Because ids will be used internally, not externally. I'd like to have urls like "/yet another CMS" be mapped properly by the system, instead of "/id/245/yet+another+CMS". Is it taking it too far? You tell me...

comment #3 On 04/07, Fetard wrote :

But you could use the ID and the title in URLs also, like /?id=XX&title=Bla+bla+more+blablabla, to be more readable by search crawlers :)

comment #4 On 05/07, Fetard wrote :

Arghhhhhhhhhhhh you "justify" your text...

(Did you notice the fact that when you click on my website's URL Firefox shows you the site of 'Le monde'?)

comment #5 On 05/07, Korbo wrote :

I don't see your point. What does the world care about a database id? The world needs a way to tell what article they want that's easy to remember and makes sense with the content of the article. Which corresponds exactly to the definition of the title of the article in my opinion, not some random meaningless id.
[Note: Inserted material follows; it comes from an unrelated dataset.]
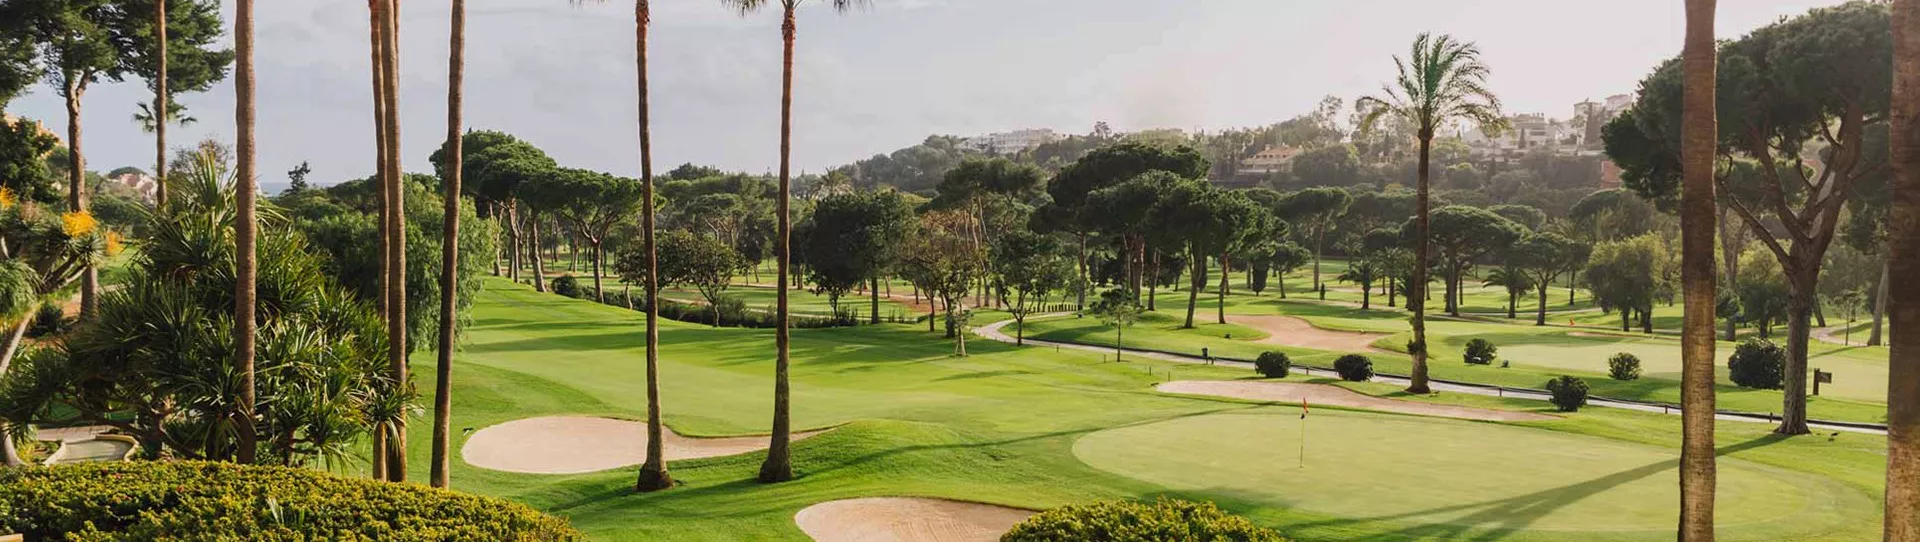 Spain golf holidays - Rio Real Golf Hotel - Photo 1

Let the machine do the dirty work, and the users enjoy the results. (And the coders sweat out there behind their screens :-))
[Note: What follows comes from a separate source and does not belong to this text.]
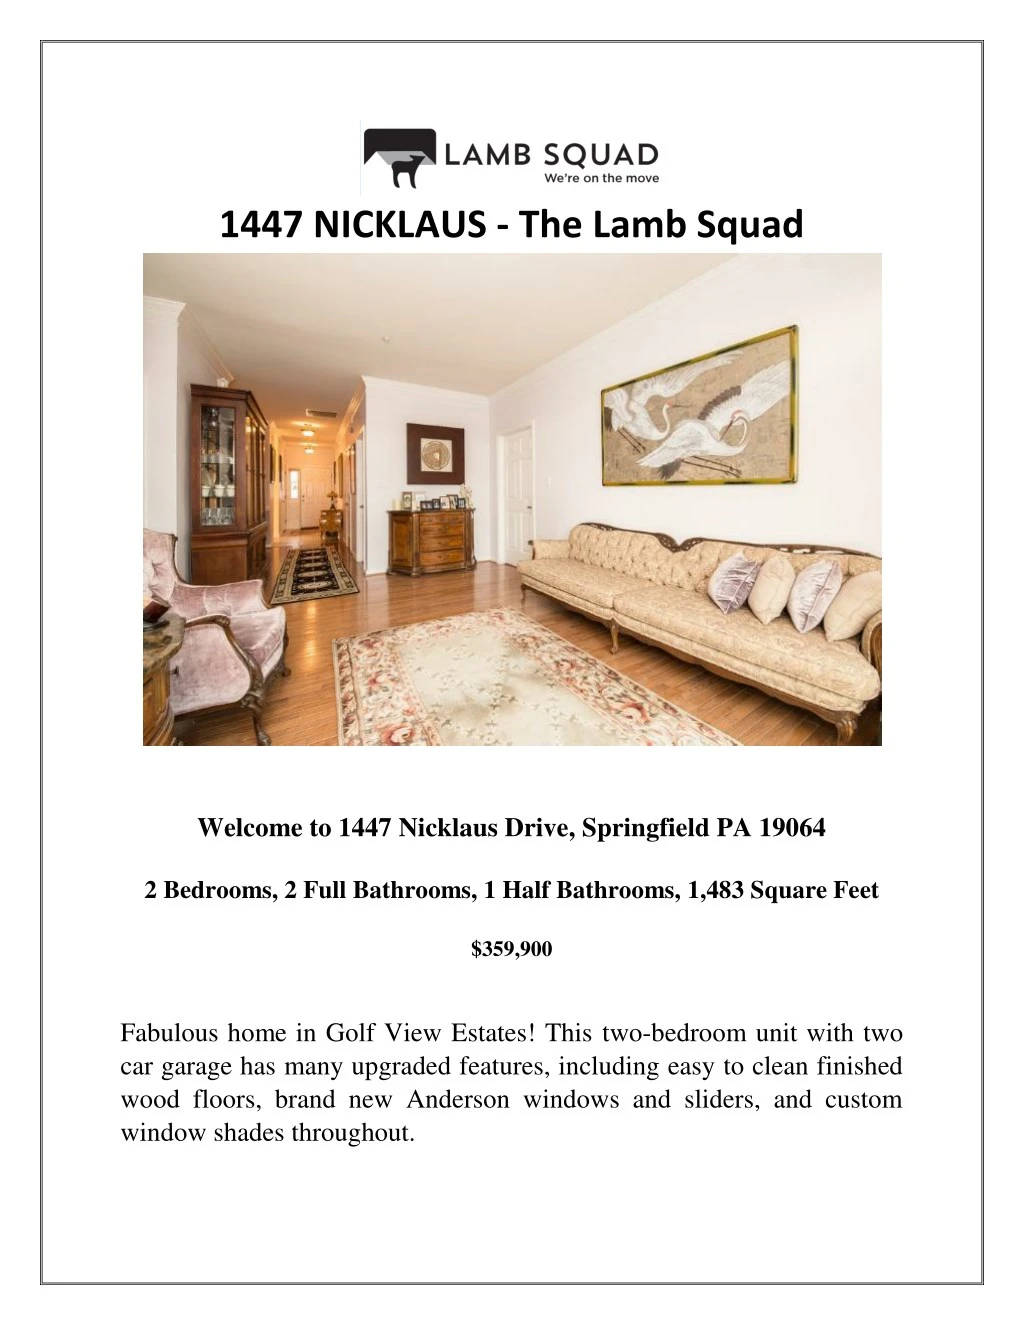 1447 nicklaus the lamb squad

comment #6 On 05/07, Korbo wrote :

Yes, I justify paragraphs, I like things to be square. Centered and right-aligned text is difficult to read, and left-aligned as well to me.

If your urls redirected, it's because you added http, which is already added by the cms. Any url will be stripped of "http://" now, though I should only strip them in the beginning. Not interested in regular expressions at this very moment, so I'll leave it that way. :-)

comment #7 On 06/07, Fetard wrote :

But, if you have two articles or posts or pictures with the same title?

comment #8 On 06/07, Fetard wrote :

For the redirection, the problem is not that I forgot to cut off the http...

The fact is : when you surf on http:// on Firefox, it shows "Le monde"'s website :o

comment #9 On 06/07, Korbo wrote :

Well, two texts or images with the same title, I guess it means that they are not descriptive enough. That's what it takes to have purely friendly urls...

comment #10 On 06/07, Fetard wrote :

You are limiting writers' possibilities by this way...

comment #11 On 07/07, Korbo wrote :

Well, yeah. But on the other hand, two pictures, or two texts with the same name would only confuse the visitor. There are no such things as synonyms.
Consider a forum: two guys post the same question with the same subject. The second one is presented with a choice: graft his question to the existing thread, or choose a more precise subject.
Consider a gallery: same situation, the uploader can either (if allowed to) replace the first image with the new version or modify the title of his/her picture.
Consider a blog, a calendar, anything: two items with the same name only cause confusion.
I really think that everybody wins in the end.
(Of course, the person won't have to retype everything!)

comment #12 On 08/07, Fetard wrote :

And so, in your table, you save the full title of the post/picture?